Mike has the Greek for you purists and elitists.
The Sophoclean sentiment, however, is quite false. For a view with a much better chance of being true, see Radix Omnium Malorum.
Radix Omnium Malorum
One often hears that money is the root of all evil. But this cannot be true, since money is an abstract form of wealth, wealth is a good thing, and the root of all evil cannot be something good. Perhaps it is the love of money that is supposed to be the root of all evil. But this too is false. Given that money is a good thing, a certain love or desire for its acquisition and preservation is right and proper. To fail to value money would be as foolish as to fail to value physical health. Well then, is it the inordinate love of money that is the root of all evil? Not even this is true. For there are evils whose root is not the inordinate love of money. The most we can truly say is that the inordinate love of money is the root of some evils.
Visualize Using Your Turn Signals
This is one of my favorite bumper stickers, and not just because there are all too many motorists clogging the roads who seem unacquainted with the function of turn signals. The sticker is a parody of ‘Visualize World Peace’ (‘Visualize Whirled Peas’). Visualizing something as nebulous and utopian as world peace is about as pointless as the sort of visualizing going on in John Lennon’s silly ditty, “Imagine.”

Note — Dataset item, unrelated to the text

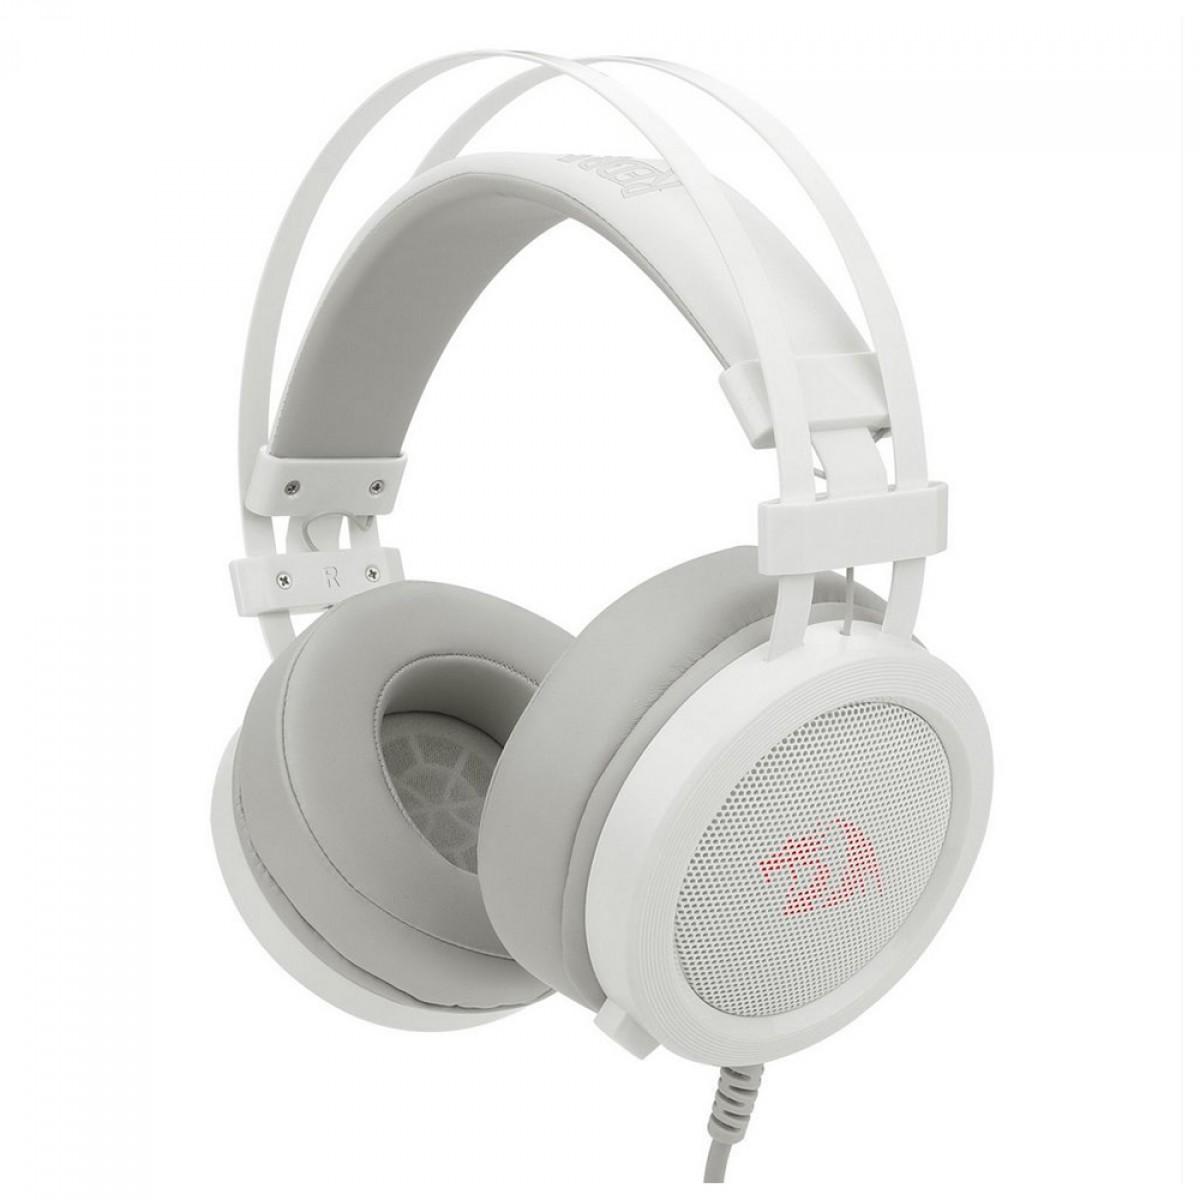 Headset Gamer Redragon Scylla Lunar White, P2, Múltiplas Plataformas, H901W

If you want to improve the world, try visualizing some concrete action that it is in your power to perform such as letting a motorist enter your lane. Better, visualize an entire day in which you gratuitously offend no one in word or deed. Then take the next step: visualize an entire day in which you gratuitously offend no one in word or deed, and entertain no negative thoughts to boot. In the end, there is only one person over whose behavior you have any real control, namely, yourself. So if you are serious about improving the world, you can start with that guy. If you desire peace in the world, begin by making war against your lower self.
I am not saying that this is sufficient for world peace, but it may well be necessary.